Cancer Institute funds blood test for early pancreatic cancer detection
The National Cancer Institute’s Pancreatic Cancer Detection Consortium has awarded a $5.13 million grant to researchers from Baylor Scott & White Research Institute and the Translational Genomics Research Institute, which are developing a blood test for early detection of pancreatic cancer.
The availability of such a “non-invasive, rapid, accurate and inexpensive blood test” could “profoundly transform early detection of pancreatic cancer,” which is often not detected until late in the disease process, and is currently the third-leading cause of cancer-related death in the U.S., according to a press release.
“Early detection of this disease is essential to reducing its mortality rate,” Ajay Goel, PhD, Baylor Scott & White Research Institute’s director of the Center for Gastrointestinal Research, and the Center for Epigenetics, Cancer Prevention and Cancer Genomics, said in the press release.
The 5-year grant will fund the development of an “early-warning system for pancreatic cancer” in the form of a liquid biopsy test that requires only a small blood sample, which would enable more frequent monitoring of at-risk patients, and alert physicians to otherwise undetectable cancer recurrence. Biomarkers for high-risk precancerous lesions and early-stage pancreatic cancer could help identify candidates for surgical or other interventions.
“It would be a powerful contrast to the way things are,” Sunil Sharma, MD, TGen Deputy Director of Clinical Sciences, said in the press release. “By the time a cancer becomes obvious, when it becomes symptomatic and a patient comes to a clinic, by that point the cancer is already a moving target. It makes little sense to guide treatment of a moving target using tests with a traditional biopsy because that biopsy is static in time and space.”

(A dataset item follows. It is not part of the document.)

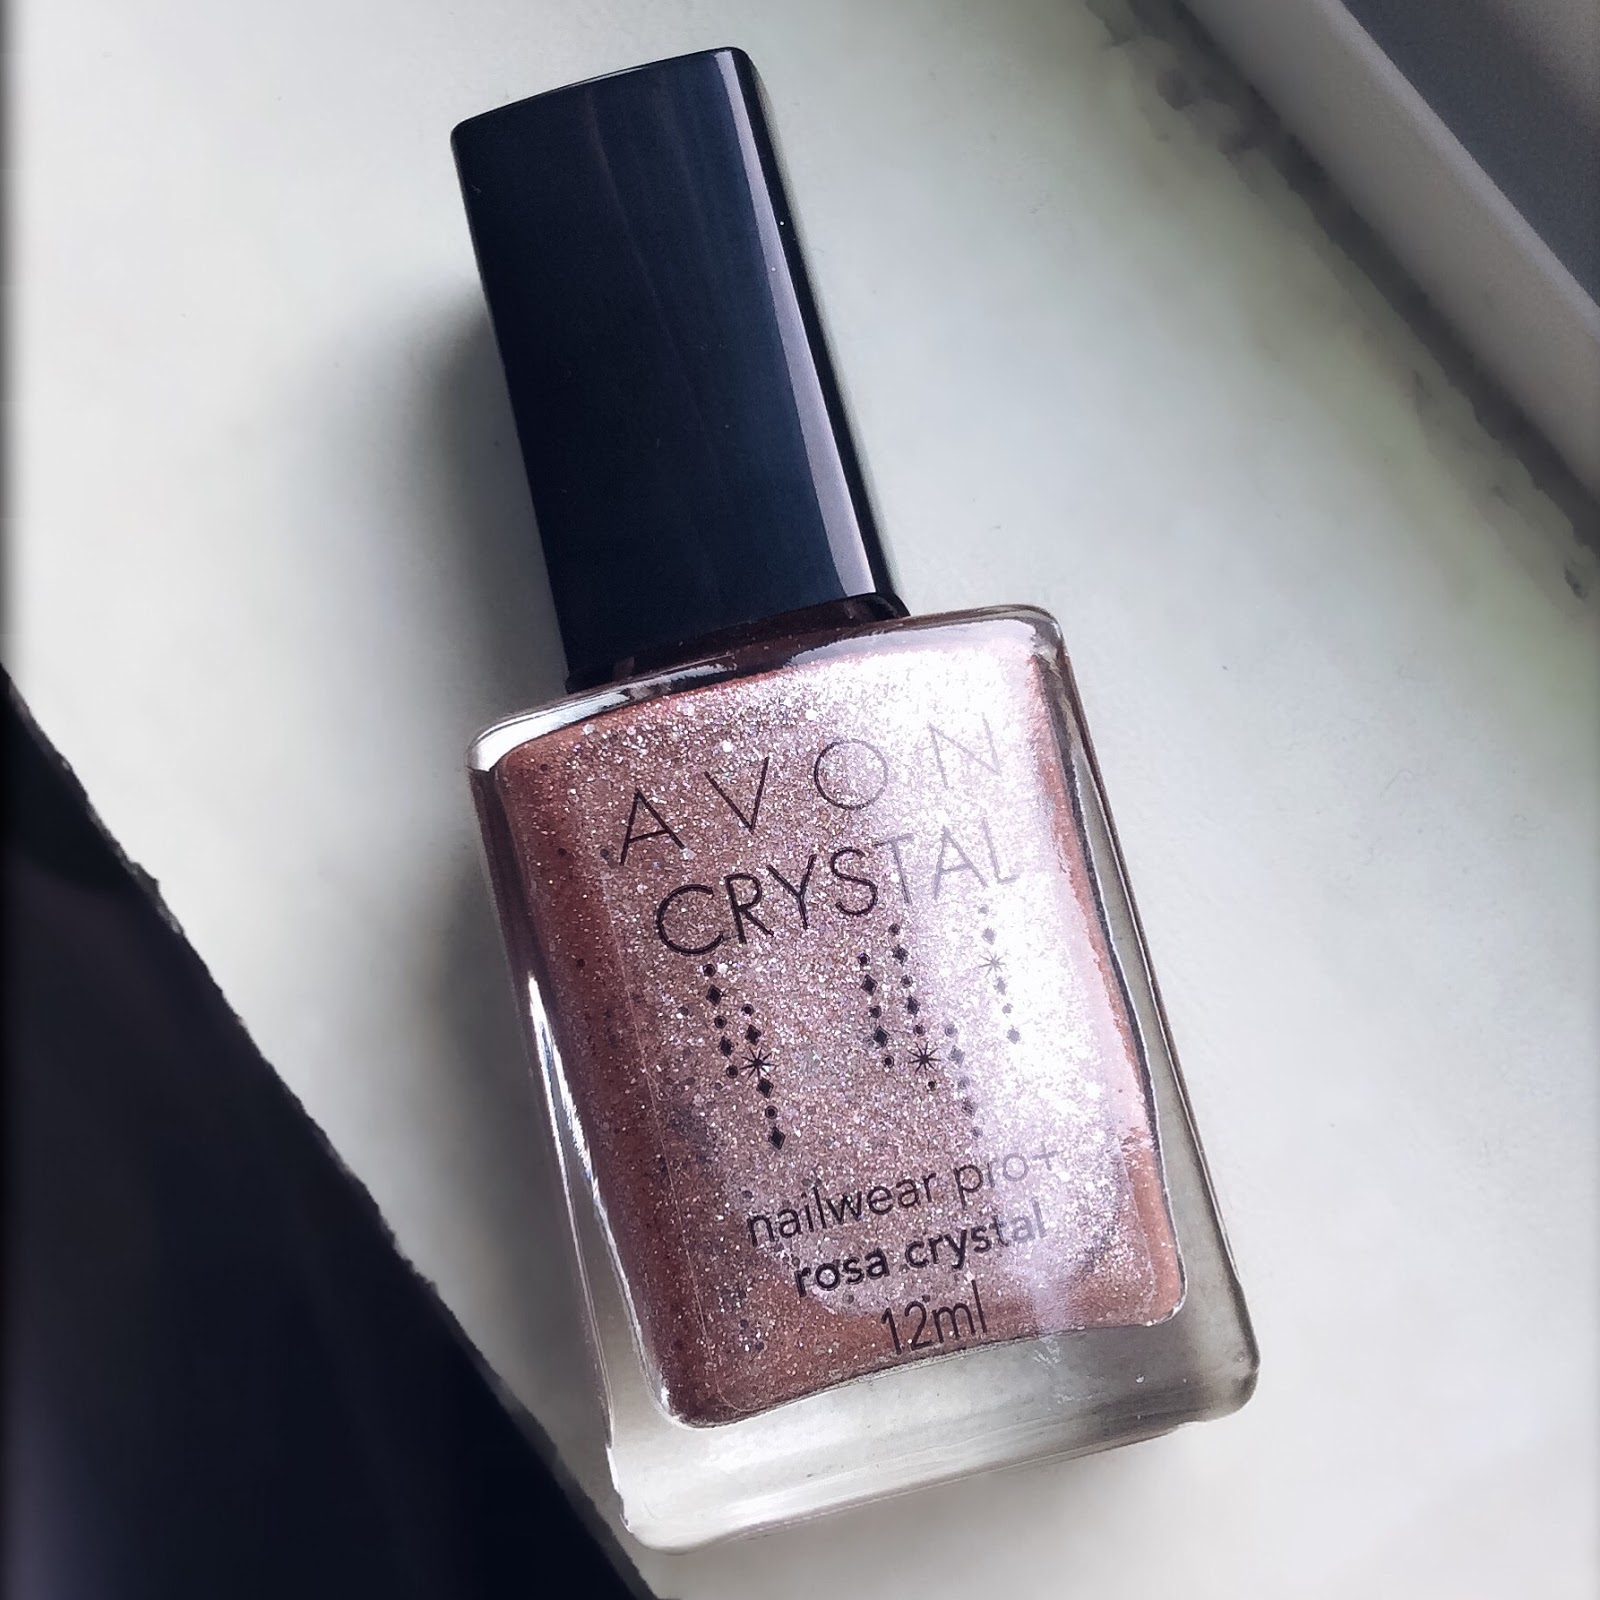 Esmalte da Semana: Avon Rosa Crystal

The project will focus on achieving three initial goals: first, investigators plan to collect matched blood and tissue samples to identify signals of pancreatic ductal adenocarcinoma (PDAC), precancerous neoplasms, pancreatitis and normal pancreatic cells. Then they plan to develop a testing panel that can differentiate patients with PDAC from those with precancerous neoplasms or pancreatitis, and finally, they will perform clinical trials to prospectively identify patients with these conditions using the optimal testing panel.

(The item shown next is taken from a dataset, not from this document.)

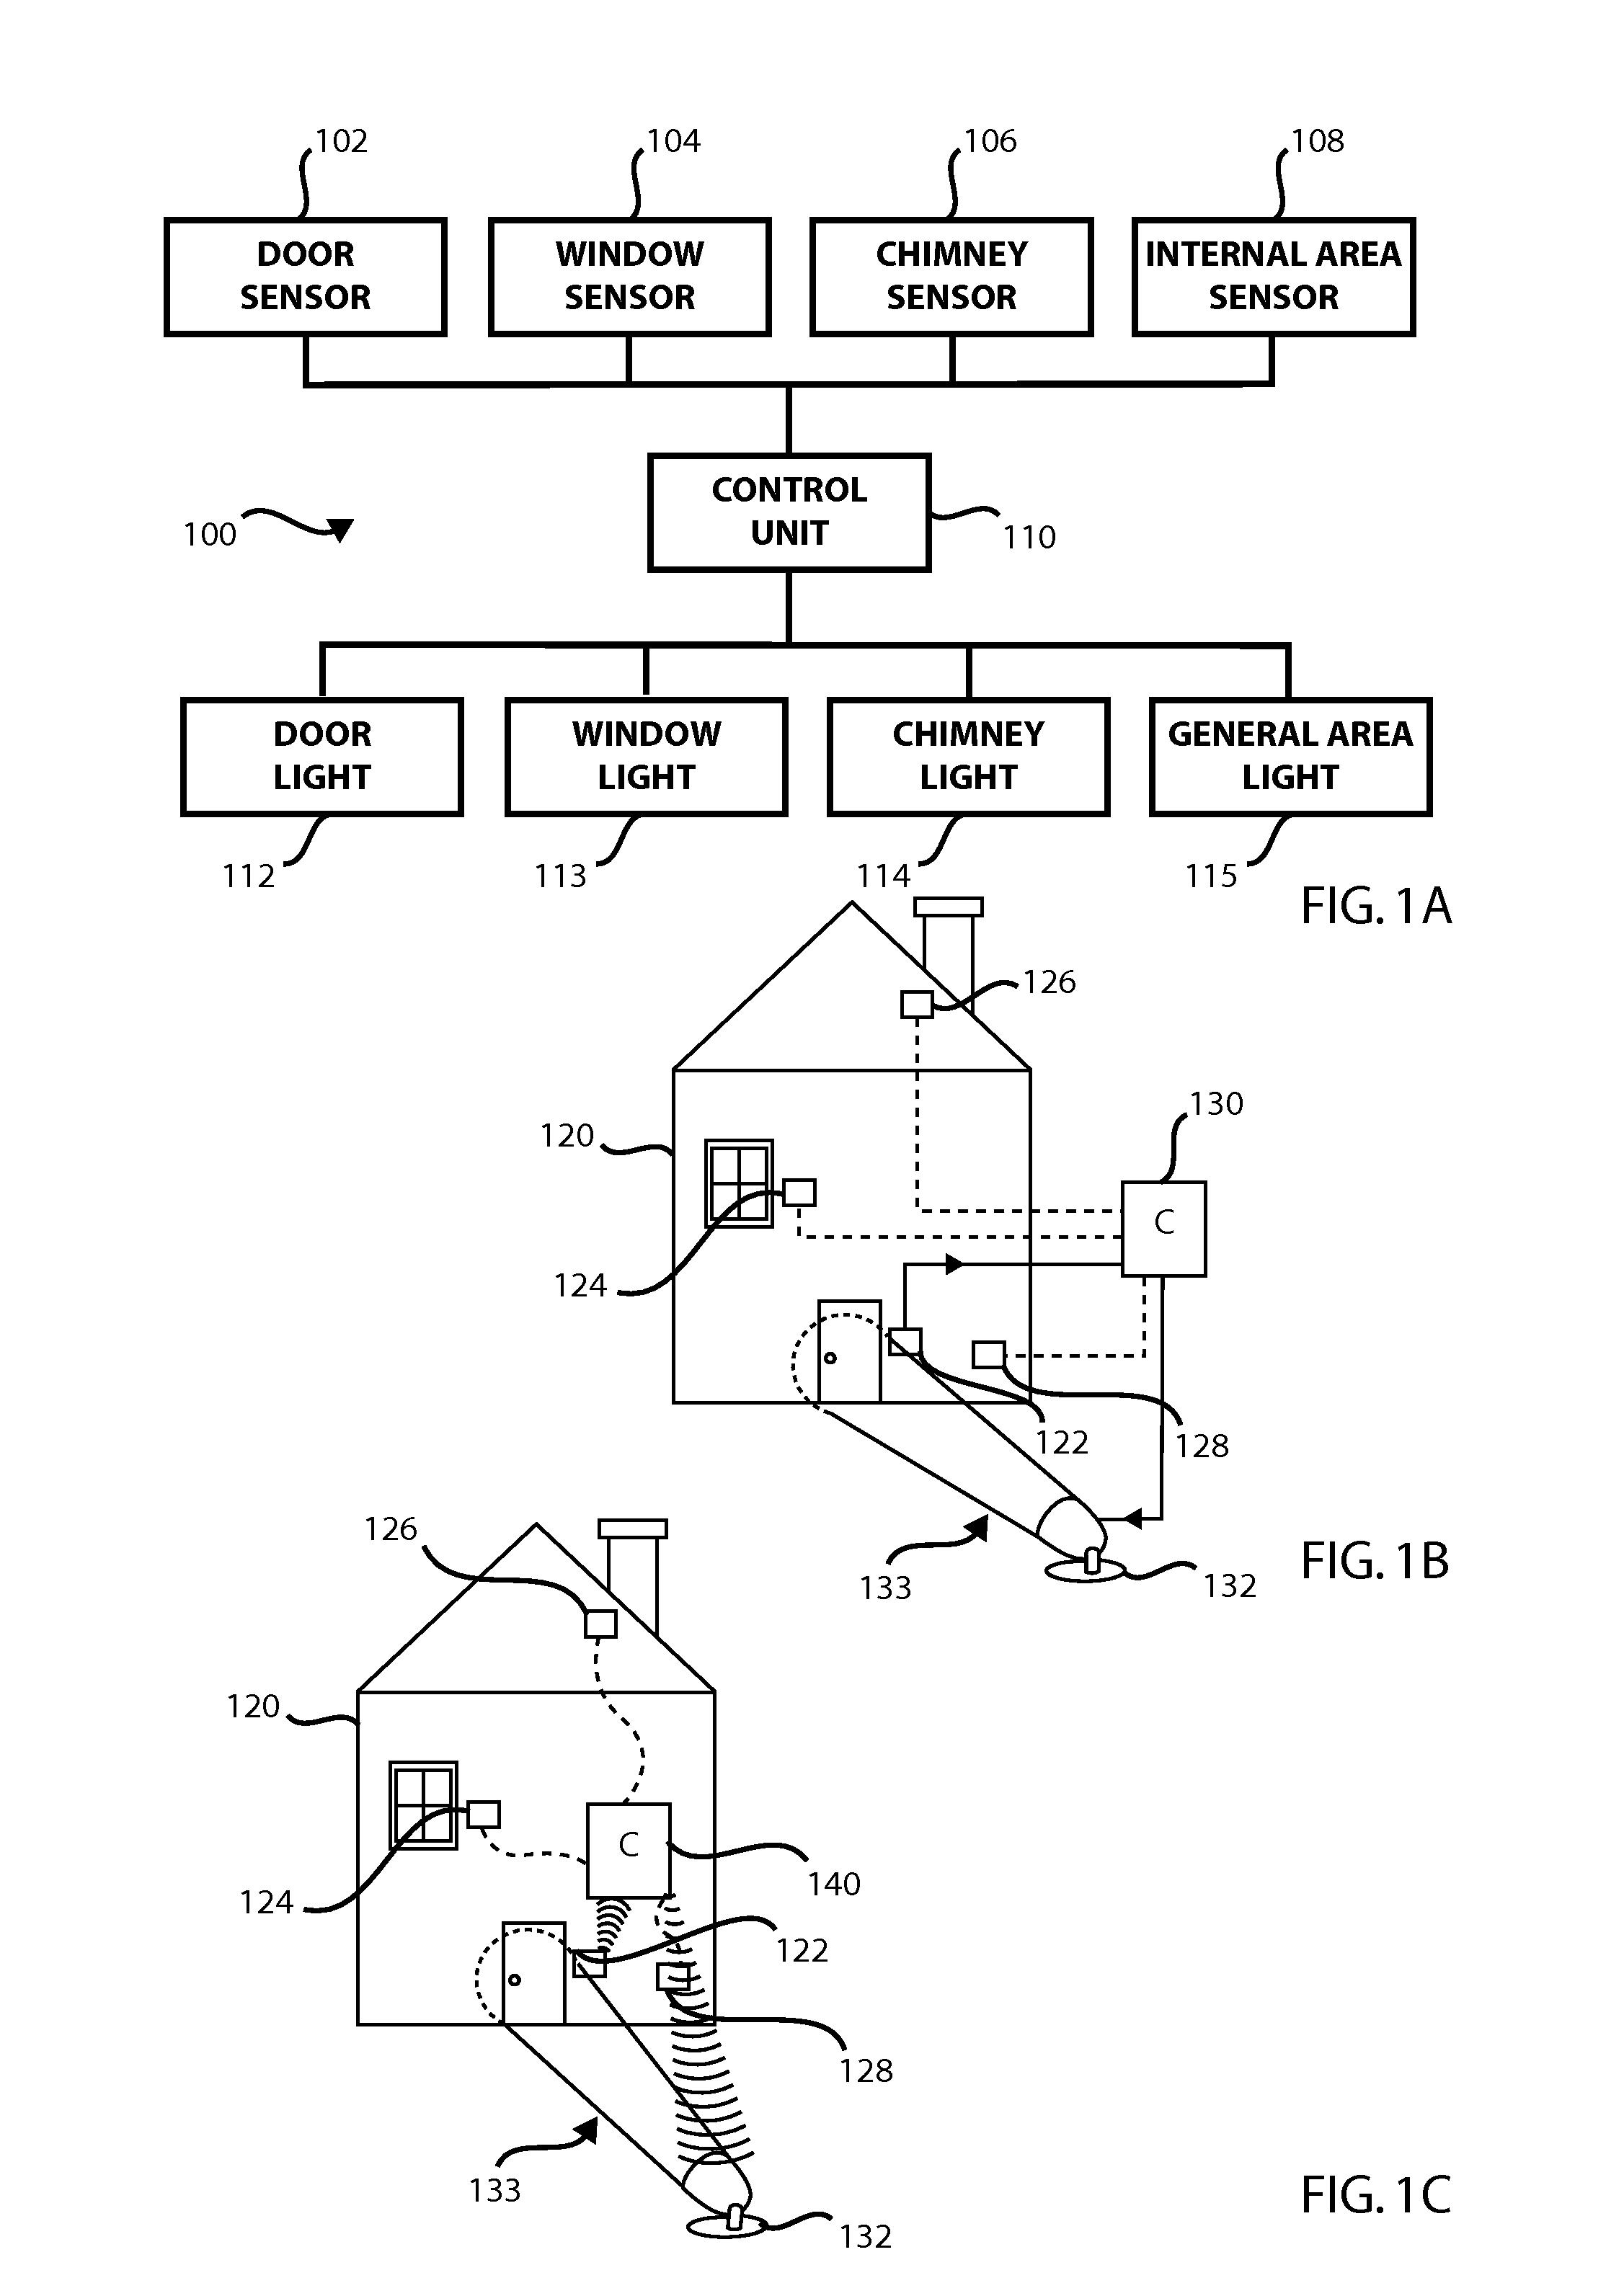 Wiring Diagram For Arlec Sensor Light Zenith Motion In The Home 4k Wiki Wallpapers 2018

“What we are working on here, it’s not going to be one or two markers, but a panel of markers — a full mixture of DNA, proteins, RNA, microRNA, DNA methylation markers,” Goel said in the press release. “This panel would be a more reliable, more sensitive, and more specific pancreatic screening than anything that’s available in medicine today.”

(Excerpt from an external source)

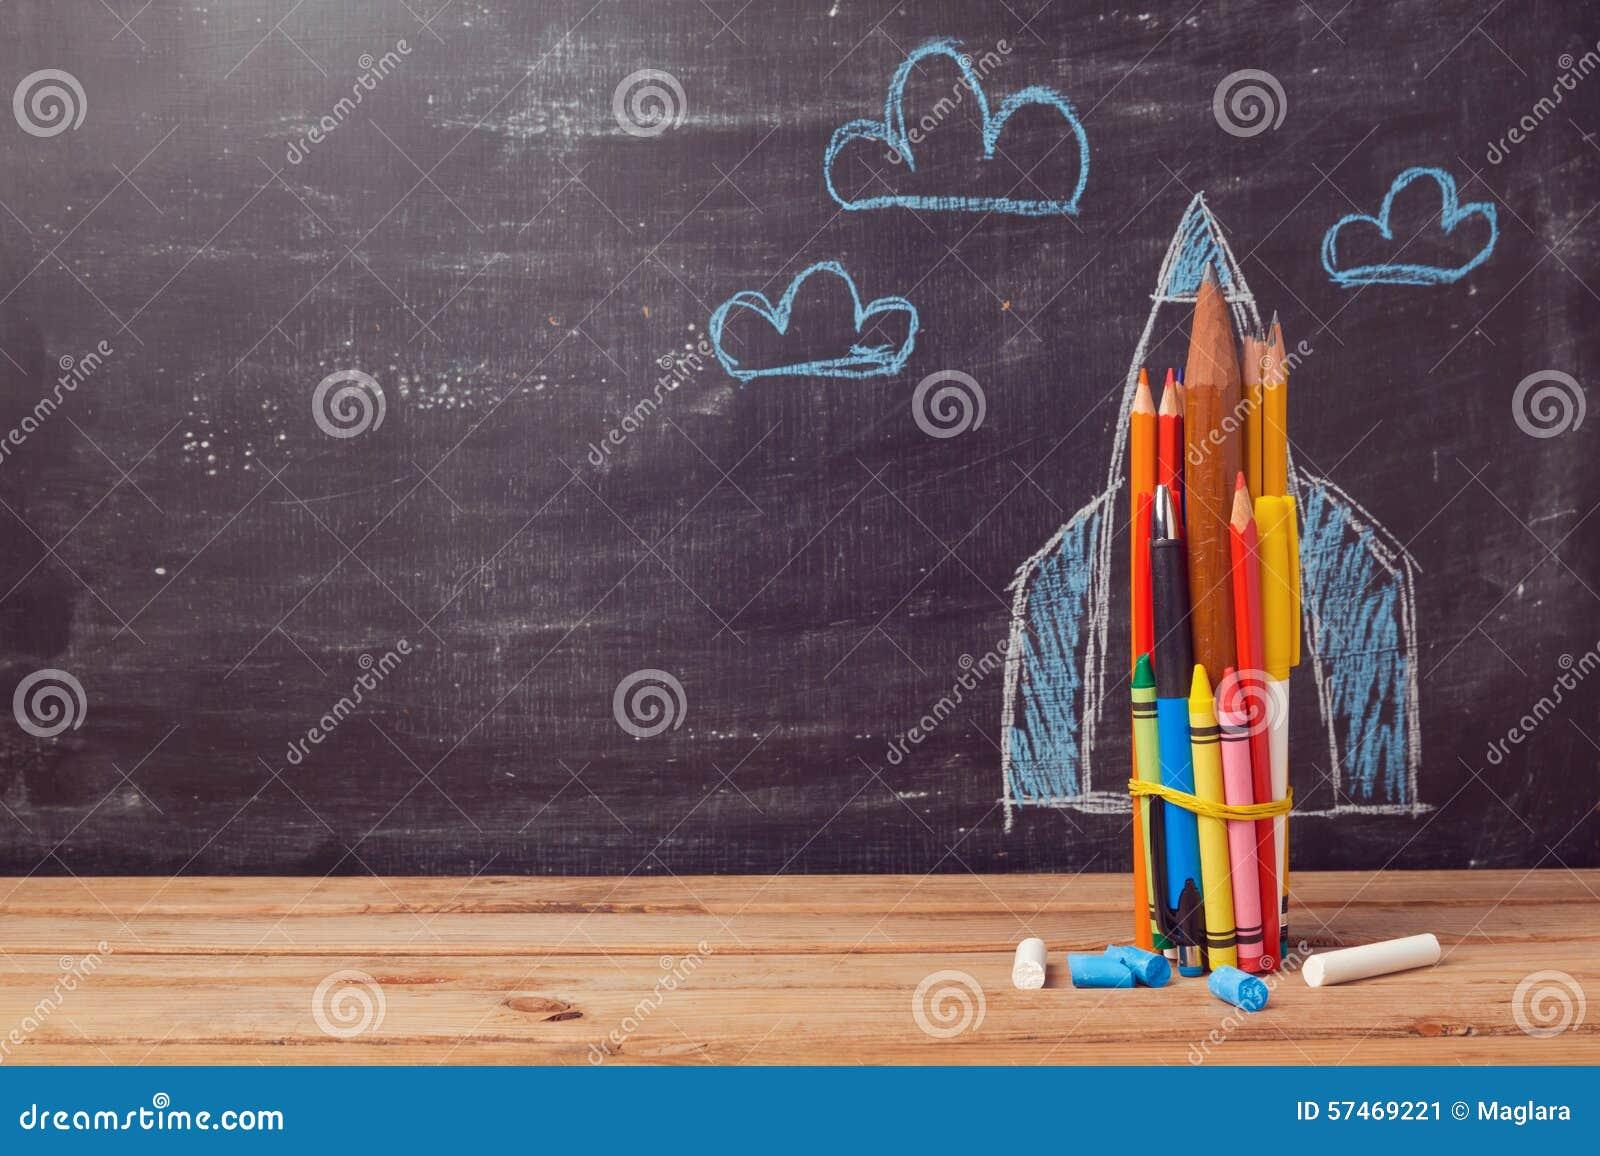 De volta ao fundo da escola com o foguete feito dos lápis coloridos

“We need a mammogram for the pancreas. Just like breast cancer, if pancreatic cancer is detected early, we can provide better outcomes for patients, and eventually have cures,” Daniel Von Hoff, MD, TGen Distinguished Professor and physician-in-chief, said in the press release.
The strategy could also eventually be used to detect and monitor other types of cancers, according to Von Hoff. “We would know very soon if a particular drug or drug combination is working, or not,” he noted in the press release.
Disclosures: Healio Gastroenterology and Liver Disease was unable to confirm any relevant financial disclosures at the time of publication.